Phishing training that only takes place once a year or once a quarter isn’t enough to keep your employees on their toes. You need to send out phishing simulations several times per month to keep your employees alert. It’s also natural for skills to fade with time; frequent simulations help make sure their abilities stay sharp.
Another issue with intermittent or infrequent training is that it doesn’t give you an accurate picture of employee awareness. You might think that they are more alert or effective at spotting phishing than they really are, leading to a false sense of confidence that could cause you to relax your other defences or let your own guard down.
You also need to keep pushing employees to get better at phishing detection. Your simulations should keep getting harder as your employees adapt to the threat, so that they are constantly improving. Hackers never rest on their laurels. They are always raising the bar as it gets more difficult to deceive people, so your phishing simulations need to follow suit.
3. Focusing on the wrong metrics
Traditional phishing training involves lectures, worksheets, and quizzes, but these only measure knowledge, not behaviour. Someone could get perfect marks on a quiz about how to recognize a phishing email, and yet still click a suspicious link. Far too many people have admitted clicking even though they knew better.

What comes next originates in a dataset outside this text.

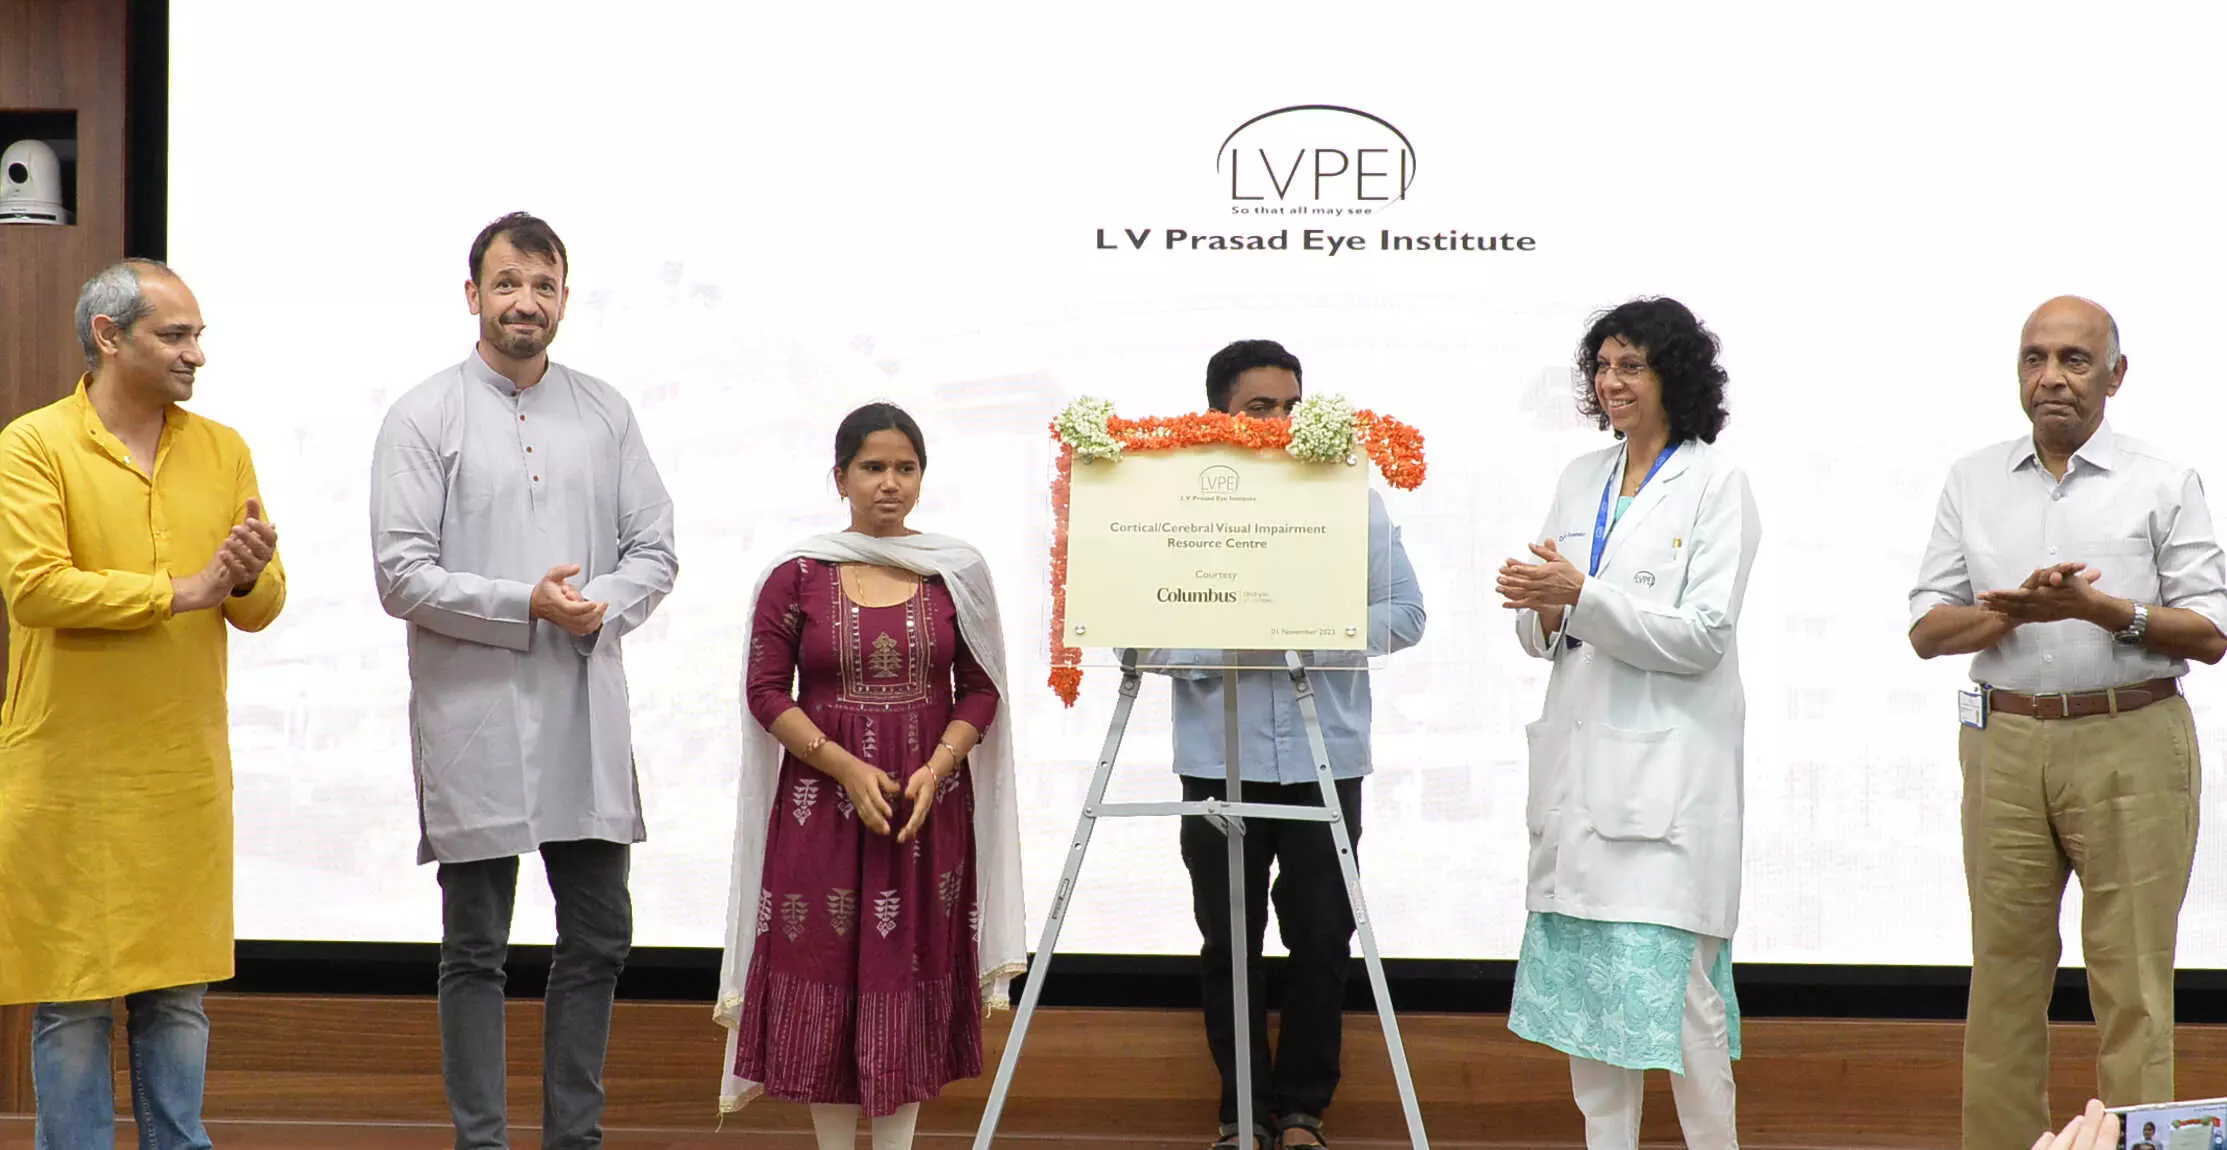 LVPEI inaugurates cortical, cerebral visual impairment resource centre in Hyderabad

Metrics from phishing simulations are more meaningful, but companies make mistakes here too. Organisations tend to elevate fail rates above all other metrics, but they can create a misleading picture of your employees’ true capabilities. Fail rates could be low because employees avoid clicking any links, for example, not because they recognize a phishing email. Disproportionate focus on fail rates also often leads to a culture of punishment instead of improvement, which discourages employees from trying to improve.

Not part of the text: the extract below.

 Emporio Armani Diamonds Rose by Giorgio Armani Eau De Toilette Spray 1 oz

Miss rates are at least as important and strongly correlate to how likely it is that someone will detect and report a phishing attempt. Success rates are also significant, because they more accurately represent people’s ability to perceive a phishing attack. Only by combining fail, success, and miss metrics can you correctly gauge your organisation’s level of risk and resilience.
Lastly, businesses need to be sure that they are watching up to date, holistic data about employee click rates. If you’re only checking one metric, you’ll miss insights into employee progress and won’t be able to track their improvement over time.
Effective phishing training is possible
Although there’s no such thing as a guarantee to stop 100% of all phishing attacks, phishing training can be highly successful at protecting your organisation. As long as you avoid concentrating on the wrong metrics, running infrequent training, and offering one-size-fits-all awareness sessions, you can stay ahead of the hackers and defend your business.